**Task goal**
Look over the material below and count the lines that include "collection". Give only the total.

**Task inputs**

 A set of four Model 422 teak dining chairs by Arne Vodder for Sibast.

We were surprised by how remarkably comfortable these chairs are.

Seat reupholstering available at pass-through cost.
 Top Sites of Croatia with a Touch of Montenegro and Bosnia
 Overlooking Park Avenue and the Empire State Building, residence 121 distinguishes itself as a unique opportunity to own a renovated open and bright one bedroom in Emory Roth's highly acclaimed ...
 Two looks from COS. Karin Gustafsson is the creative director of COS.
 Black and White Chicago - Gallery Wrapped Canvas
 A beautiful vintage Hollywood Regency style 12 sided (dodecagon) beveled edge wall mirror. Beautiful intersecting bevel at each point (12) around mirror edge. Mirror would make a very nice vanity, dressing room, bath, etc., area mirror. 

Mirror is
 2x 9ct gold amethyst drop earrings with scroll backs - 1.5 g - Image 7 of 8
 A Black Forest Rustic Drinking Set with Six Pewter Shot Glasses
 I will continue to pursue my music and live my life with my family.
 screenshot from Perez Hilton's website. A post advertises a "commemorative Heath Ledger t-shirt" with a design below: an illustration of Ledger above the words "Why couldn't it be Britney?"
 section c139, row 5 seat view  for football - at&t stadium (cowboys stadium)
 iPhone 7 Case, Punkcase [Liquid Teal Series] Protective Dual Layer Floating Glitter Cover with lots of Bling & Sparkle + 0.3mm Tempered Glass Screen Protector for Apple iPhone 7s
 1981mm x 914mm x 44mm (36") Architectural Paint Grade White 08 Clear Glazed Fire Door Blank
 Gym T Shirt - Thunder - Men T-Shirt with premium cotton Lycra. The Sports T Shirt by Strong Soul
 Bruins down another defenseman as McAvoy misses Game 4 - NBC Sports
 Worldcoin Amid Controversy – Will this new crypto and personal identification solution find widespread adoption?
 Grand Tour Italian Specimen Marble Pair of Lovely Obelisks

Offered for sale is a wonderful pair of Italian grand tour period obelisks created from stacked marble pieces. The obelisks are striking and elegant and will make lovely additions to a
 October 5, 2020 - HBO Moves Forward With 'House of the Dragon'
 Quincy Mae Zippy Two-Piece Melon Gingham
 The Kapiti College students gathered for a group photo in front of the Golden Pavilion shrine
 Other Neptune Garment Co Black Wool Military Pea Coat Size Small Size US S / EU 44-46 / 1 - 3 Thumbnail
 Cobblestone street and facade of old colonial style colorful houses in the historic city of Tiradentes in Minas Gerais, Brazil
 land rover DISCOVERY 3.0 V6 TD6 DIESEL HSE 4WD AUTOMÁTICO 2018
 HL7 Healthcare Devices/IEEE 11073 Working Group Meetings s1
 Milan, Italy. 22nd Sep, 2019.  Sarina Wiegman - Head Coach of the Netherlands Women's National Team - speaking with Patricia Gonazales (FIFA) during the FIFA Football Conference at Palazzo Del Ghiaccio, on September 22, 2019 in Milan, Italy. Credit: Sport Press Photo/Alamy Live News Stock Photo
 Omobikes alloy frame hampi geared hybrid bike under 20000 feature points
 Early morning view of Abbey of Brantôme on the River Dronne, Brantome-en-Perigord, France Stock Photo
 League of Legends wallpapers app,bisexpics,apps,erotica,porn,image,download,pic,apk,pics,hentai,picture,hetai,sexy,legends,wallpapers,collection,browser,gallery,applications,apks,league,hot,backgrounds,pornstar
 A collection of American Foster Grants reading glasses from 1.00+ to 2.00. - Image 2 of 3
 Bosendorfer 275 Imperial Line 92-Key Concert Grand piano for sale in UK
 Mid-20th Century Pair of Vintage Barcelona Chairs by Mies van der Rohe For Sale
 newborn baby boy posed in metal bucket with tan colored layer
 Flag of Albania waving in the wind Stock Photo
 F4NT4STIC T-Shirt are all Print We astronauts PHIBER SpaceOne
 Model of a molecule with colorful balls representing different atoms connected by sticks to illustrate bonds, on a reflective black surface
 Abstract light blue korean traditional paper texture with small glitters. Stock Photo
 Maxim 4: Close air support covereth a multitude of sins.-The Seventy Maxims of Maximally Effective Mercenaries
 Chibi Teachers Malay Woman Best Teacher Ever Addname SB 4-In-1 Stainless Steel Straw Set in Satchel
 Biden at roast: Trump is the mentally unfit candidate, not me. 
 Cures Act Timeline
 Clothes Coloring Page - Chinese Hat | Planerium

**Result of this task**
2